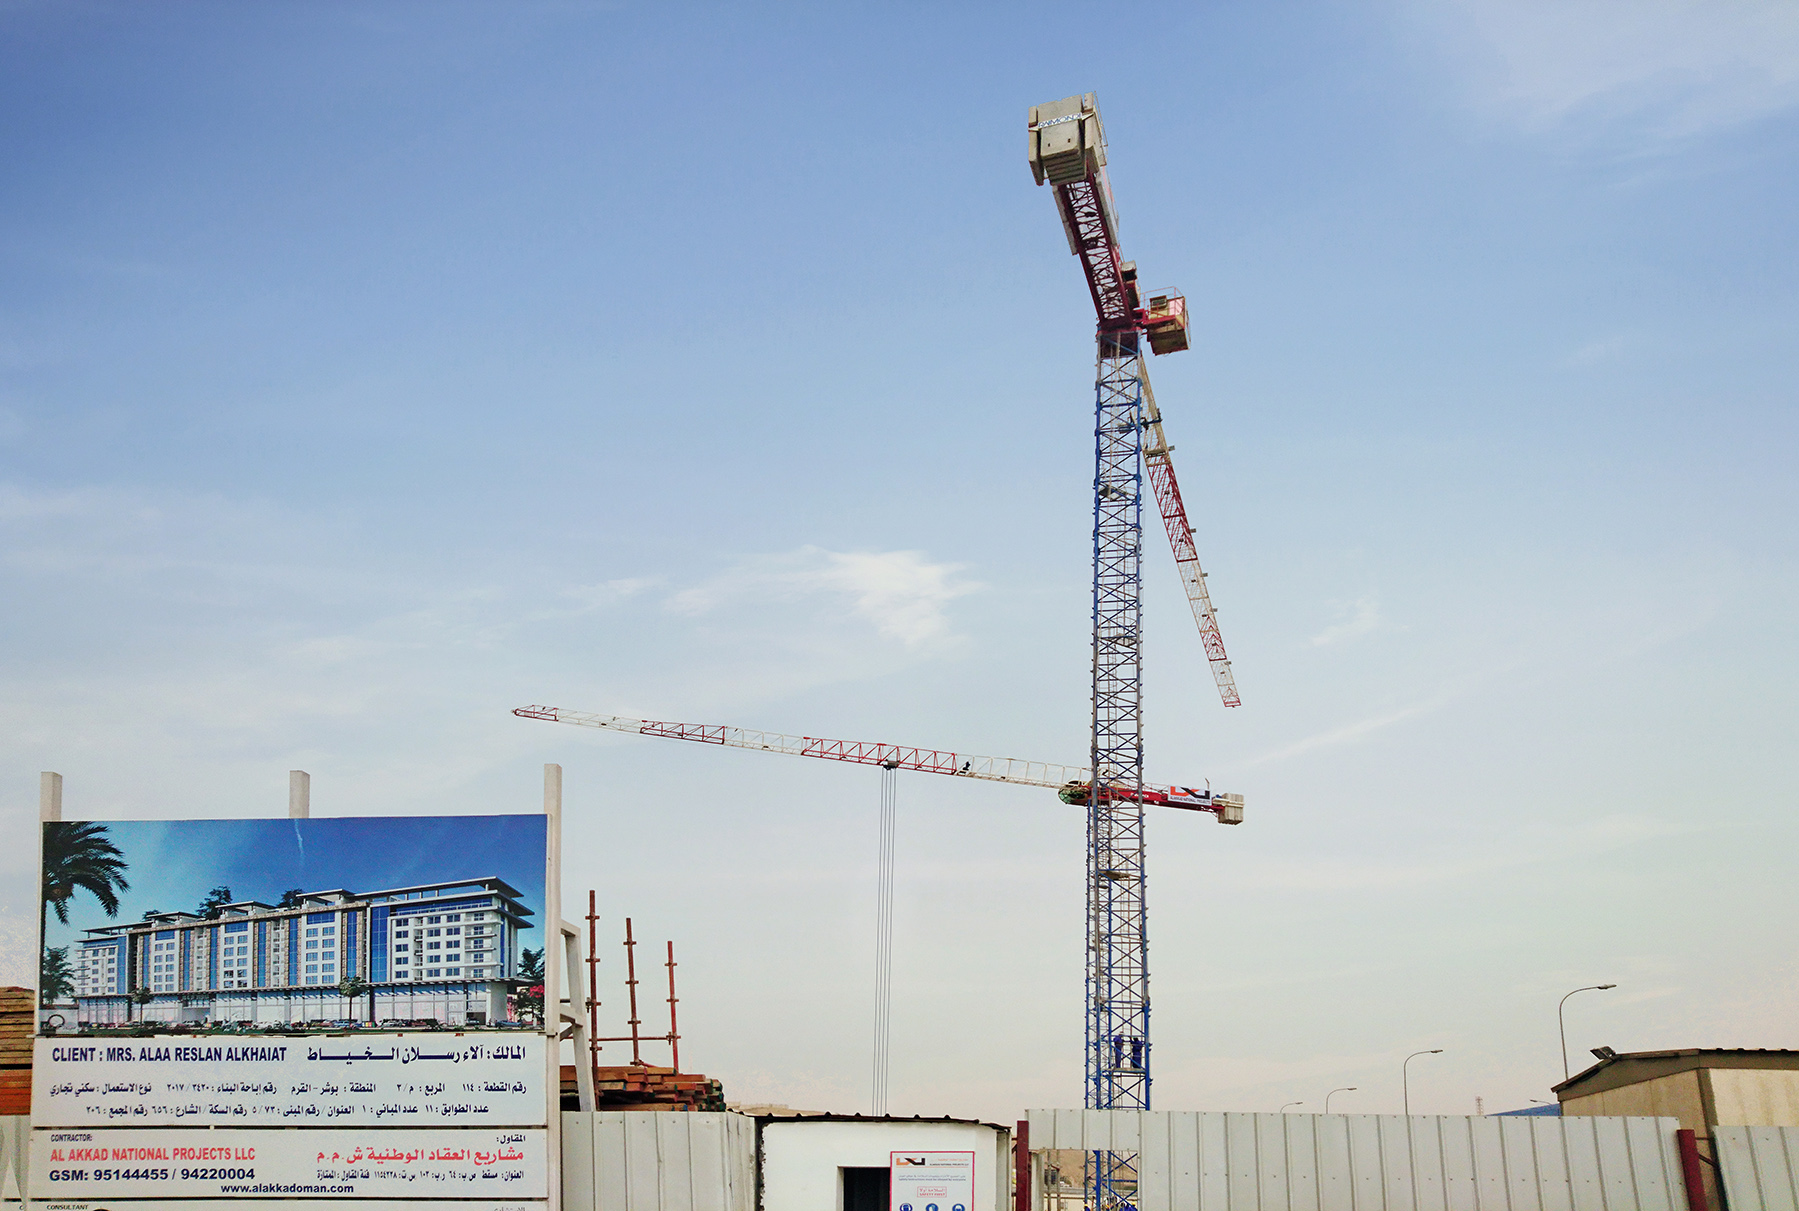 Two Raimondi MRT111 topless tower cranes put to work at new upscale development in Muscat
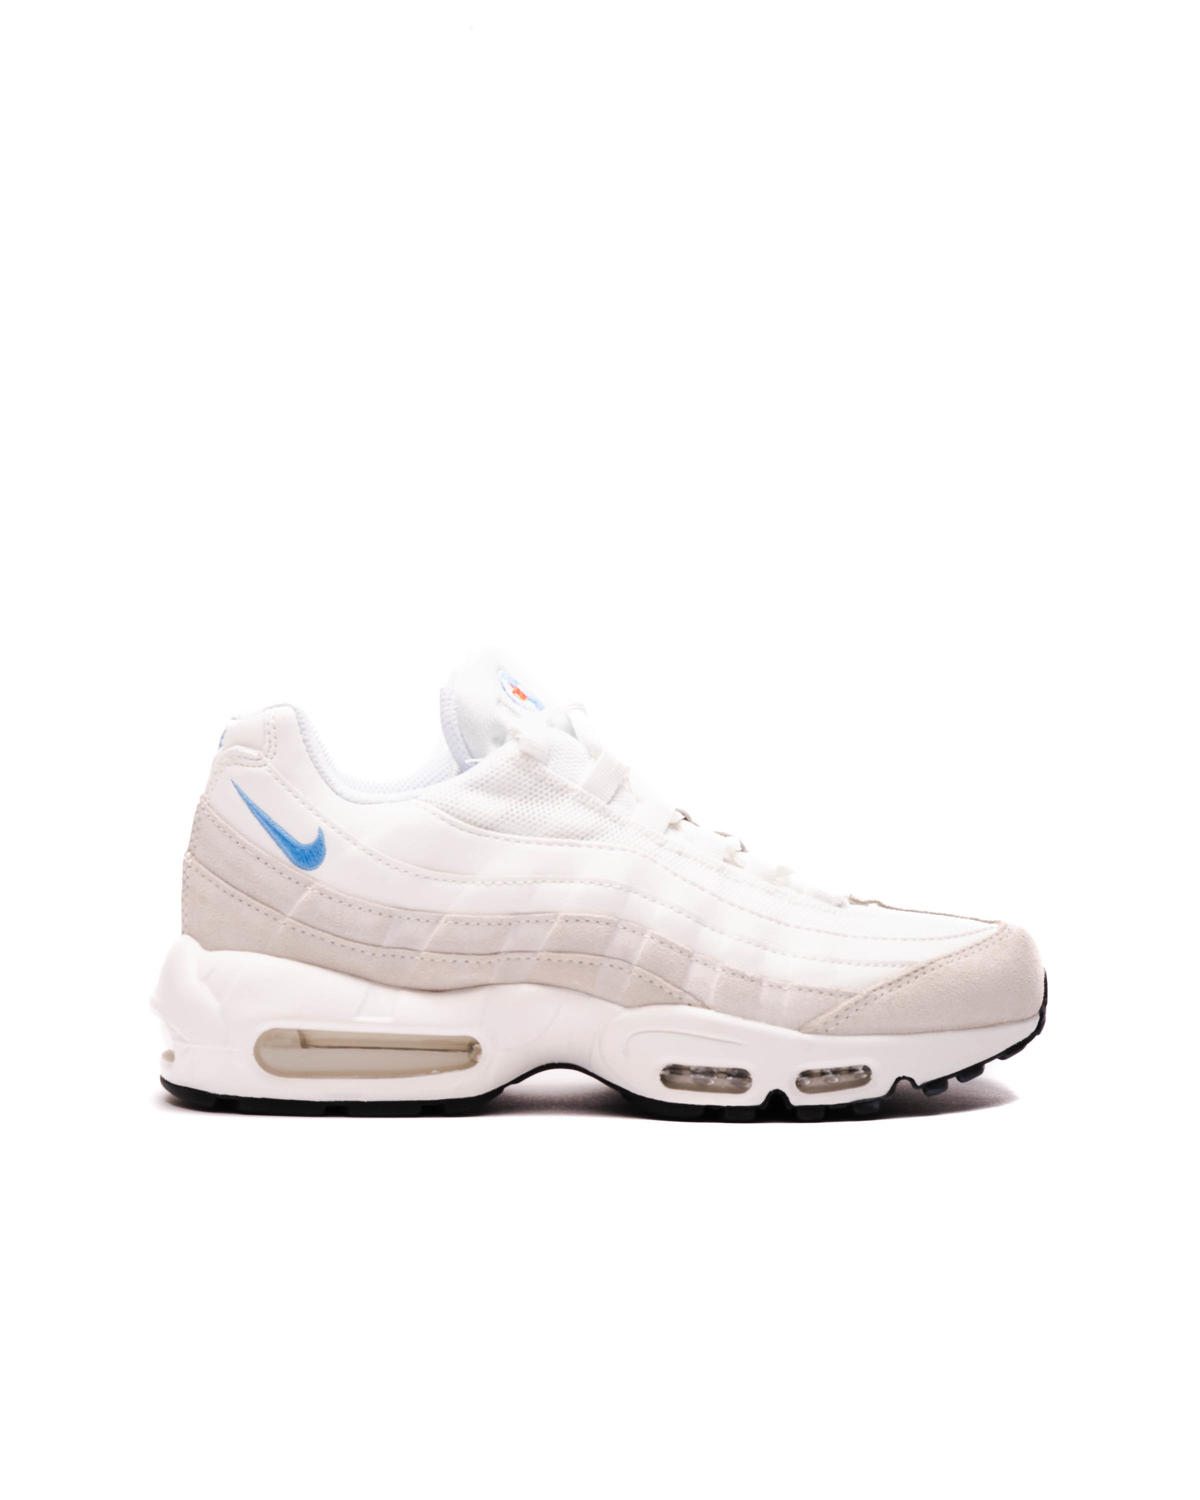 undefined | Nike WMNS AIR MAX 95
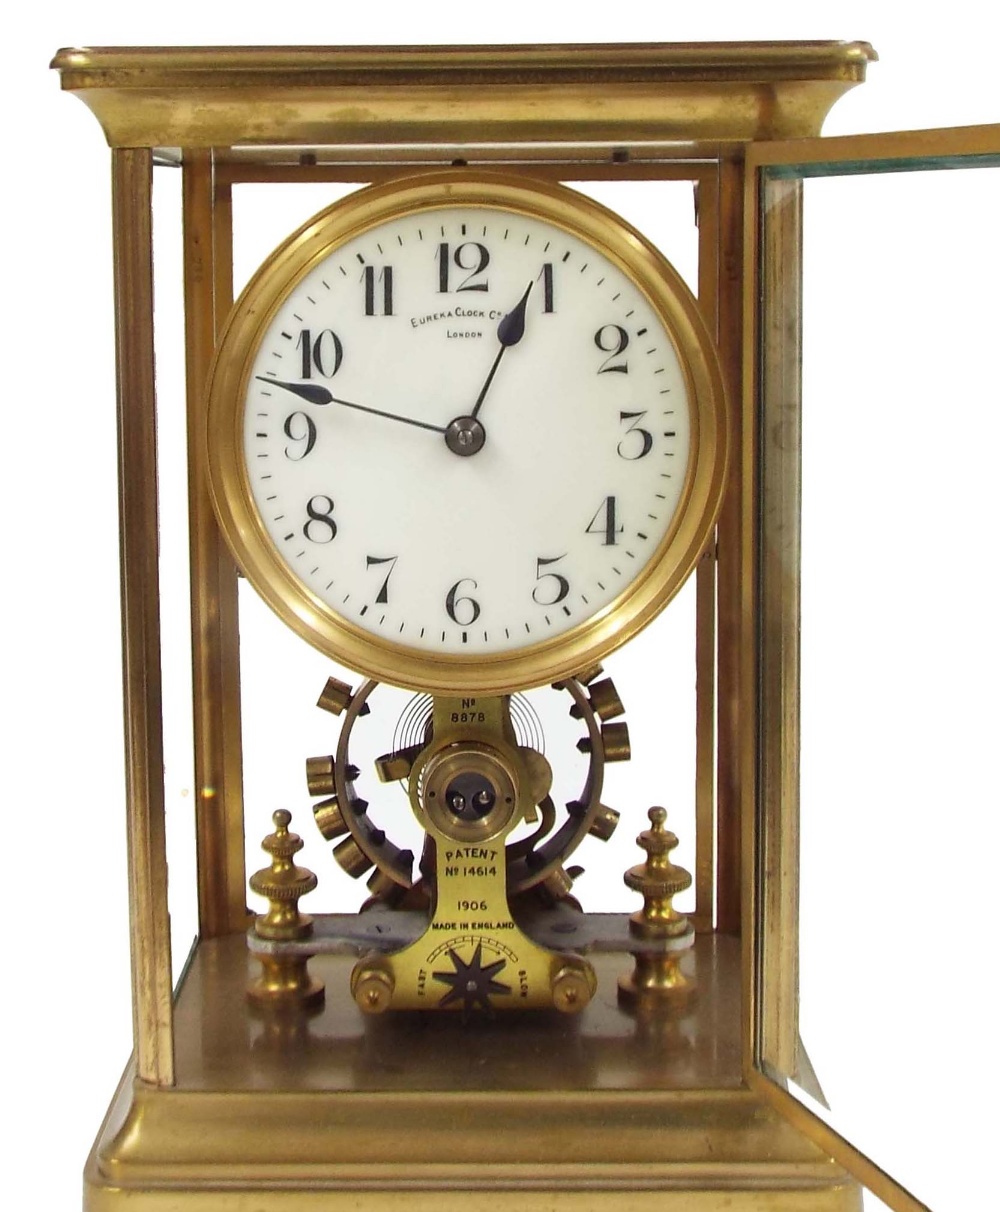 Eureka Clock Co Limited four glass electric mantel clock, the 4.25" cream dial over the movement and - Image 2 of 3
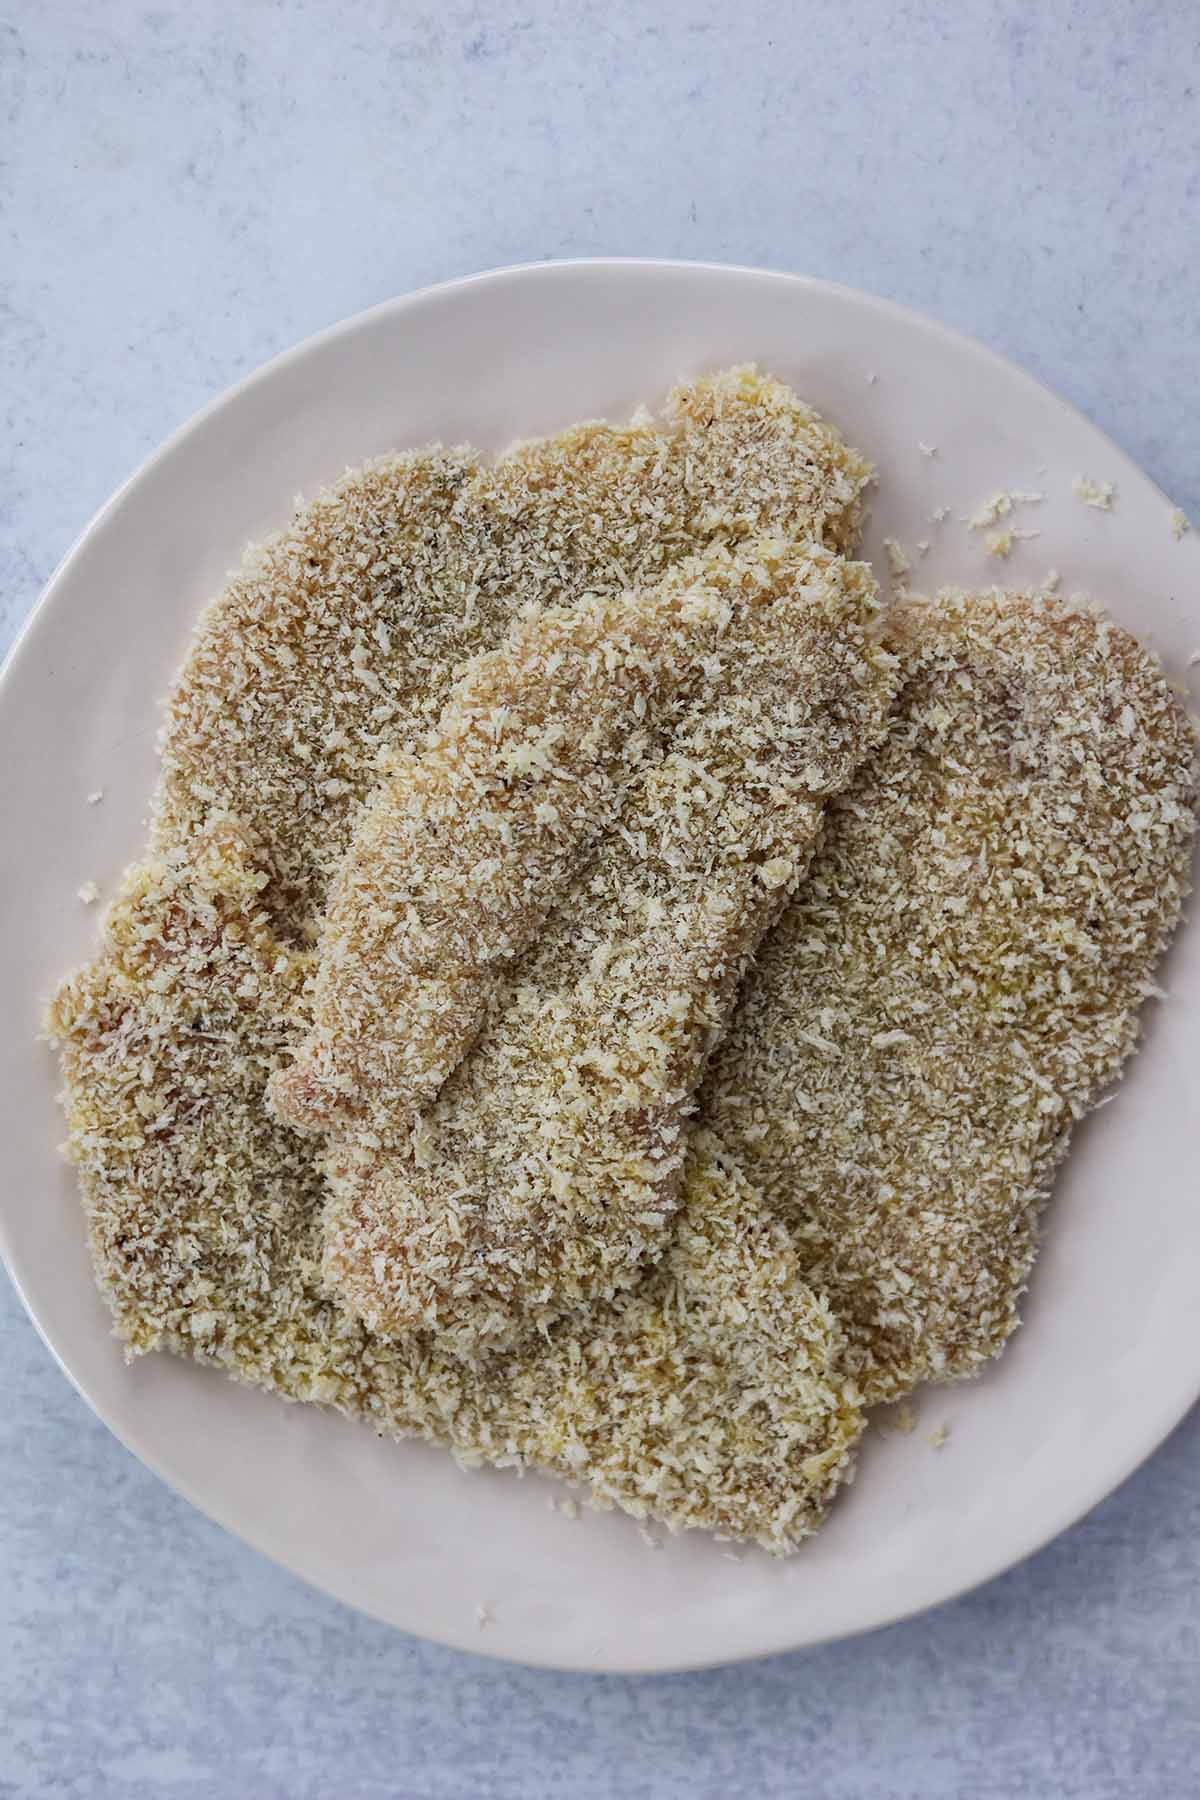 four raw chicken breasts coated in panko breadcrumbs.

________

**Assignment:** A faithful copy is needed of the lines from the one containing "undefined | Nike WMNS AIR MAX 95" through the last line of the data above, with pictures left out.

**Written solution:**
 undefined | Nike WMNS AIR MAX 95
 Eureka Clock Co Limited four glass electric mantel clock, the 4.25" cream dial over the movement and - Image 2 of 3
 four raw chicken breasts coated in panko breadcrumbs.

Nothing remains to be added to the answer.